- _RECORDED DATA_

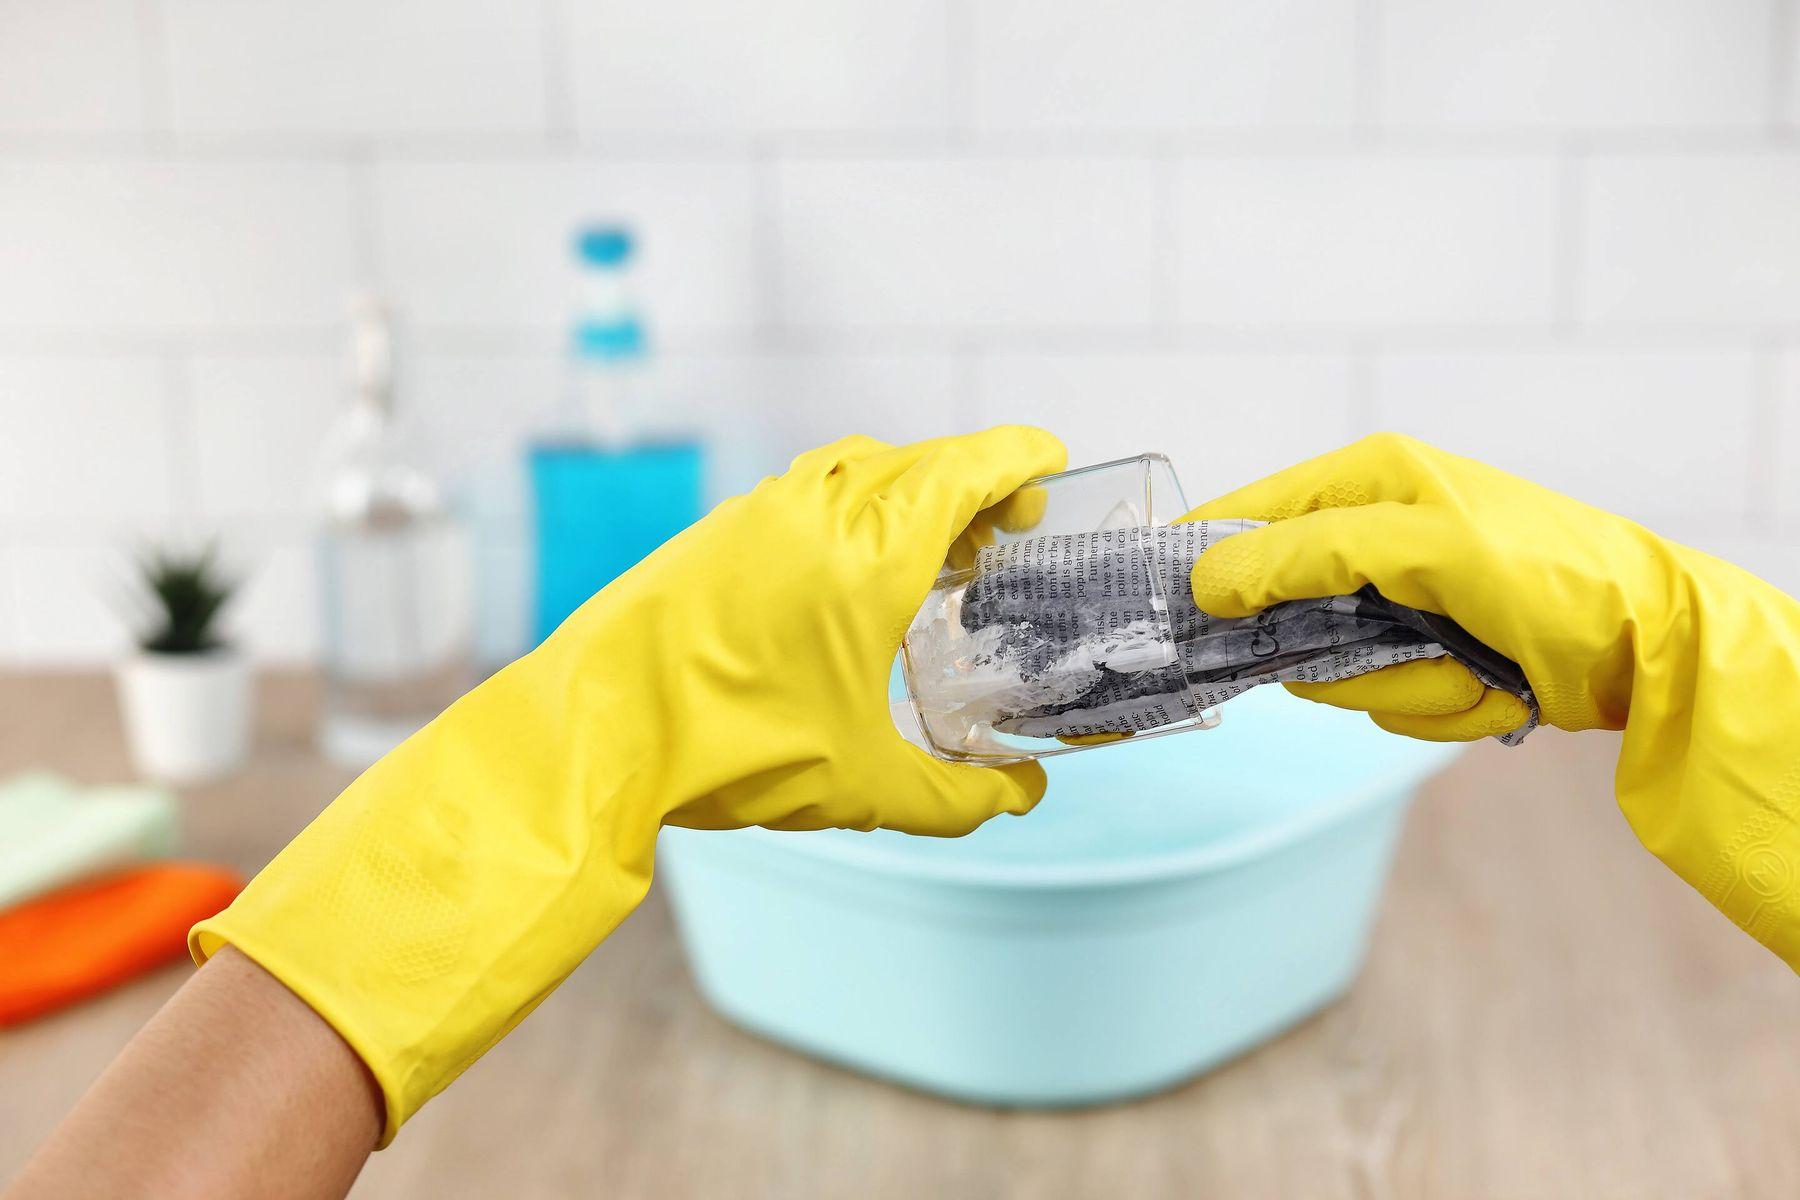 đeo găng tay khi rửa chén
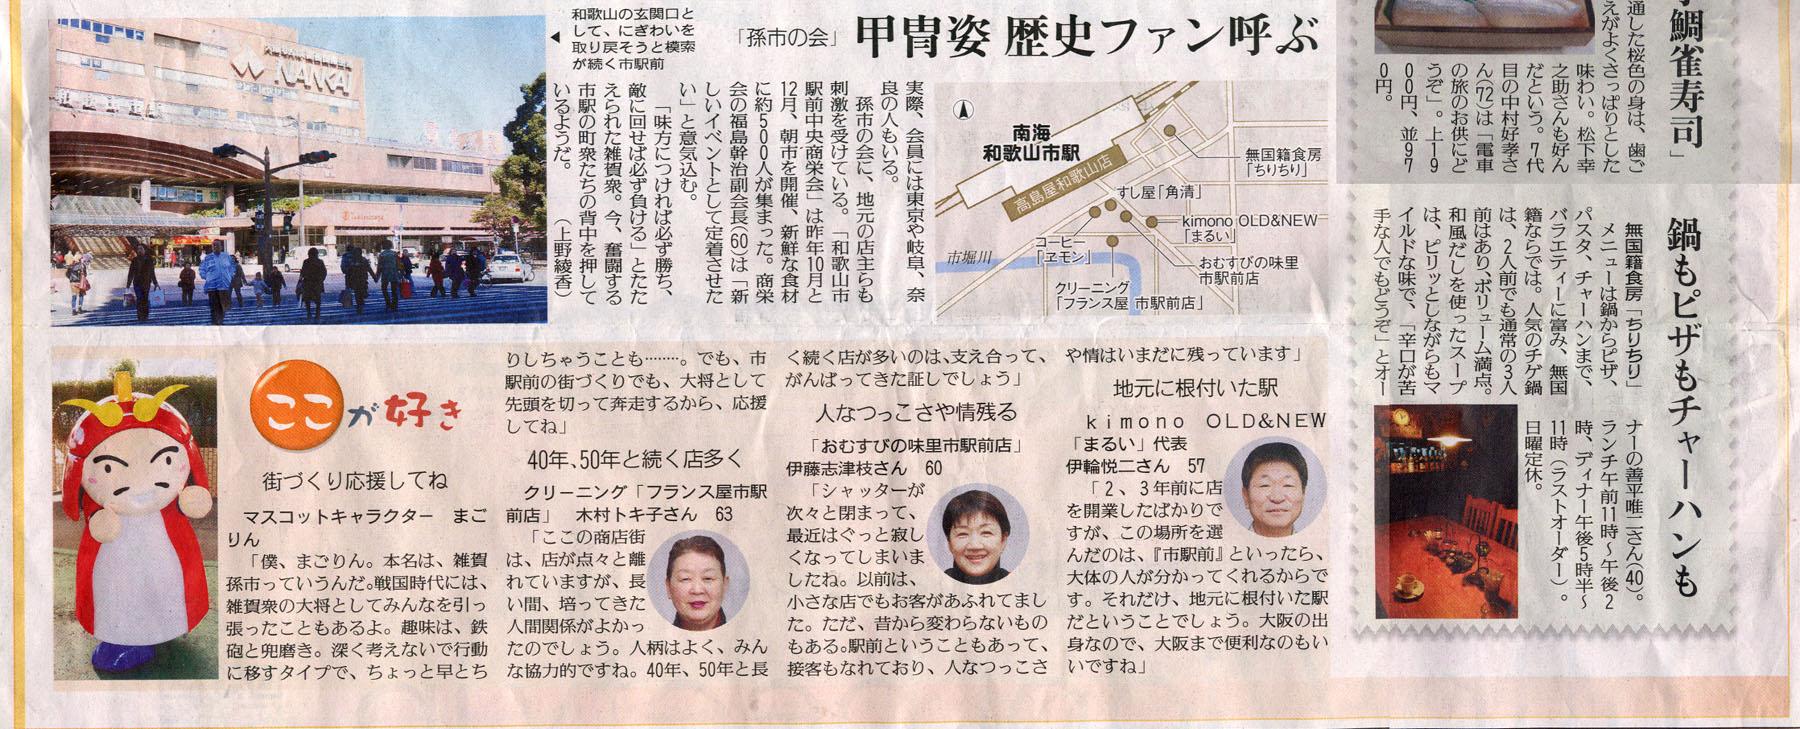 20100131yomiuri_02.jpg
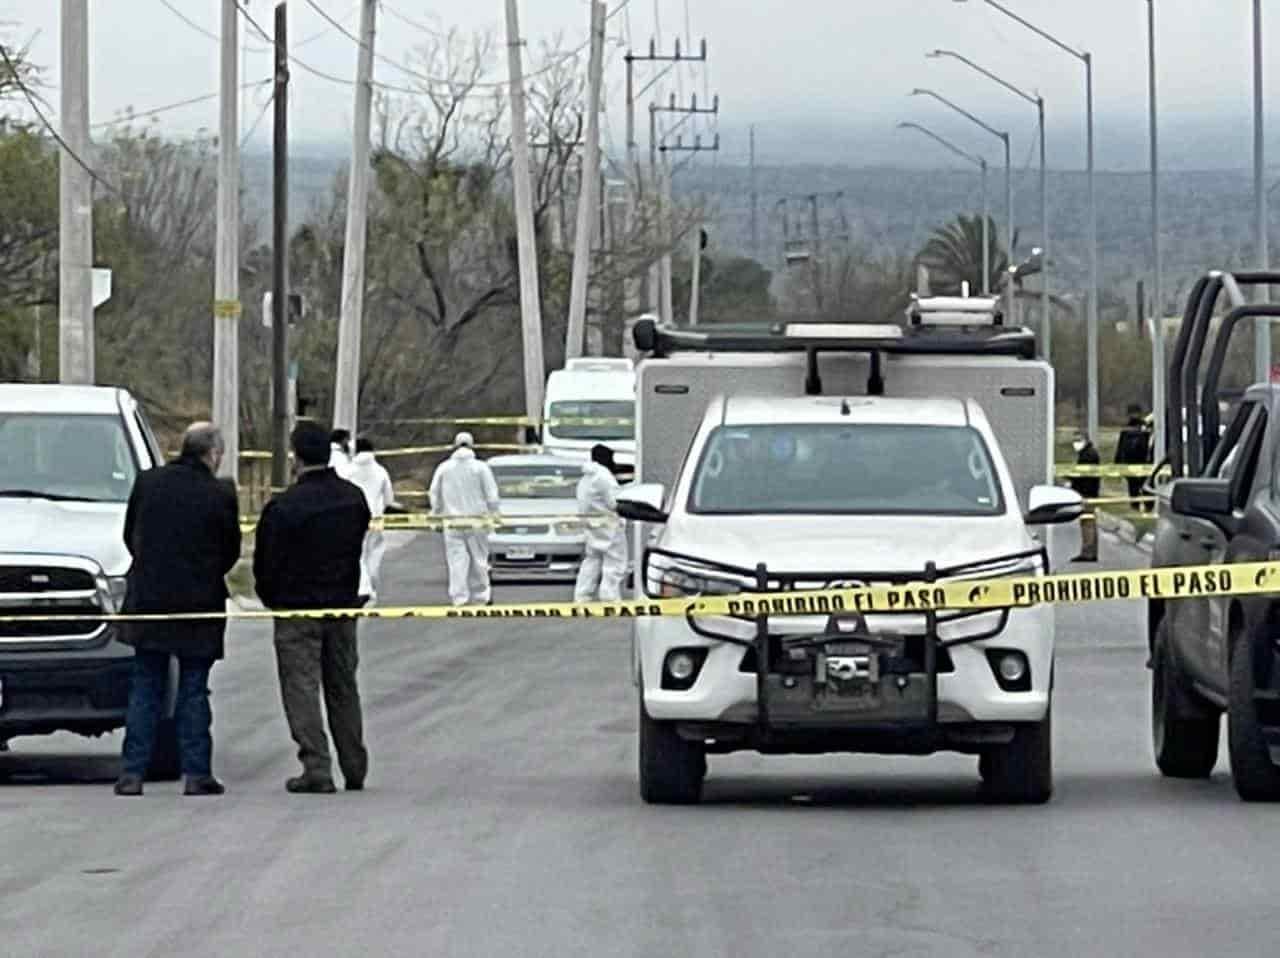 De al menos un balazo en la cabeza fue ejecutado un automovilista

- _ASSIGNMENT_
Leaving the pictures out, set down all of the data again exactly.

- _RESPONSE_
 đeo găng tay khi rửa chén
 20100131yomiuri_02.jpg
 De al menos un balazo en la cabeza fue ejecutado un automovilista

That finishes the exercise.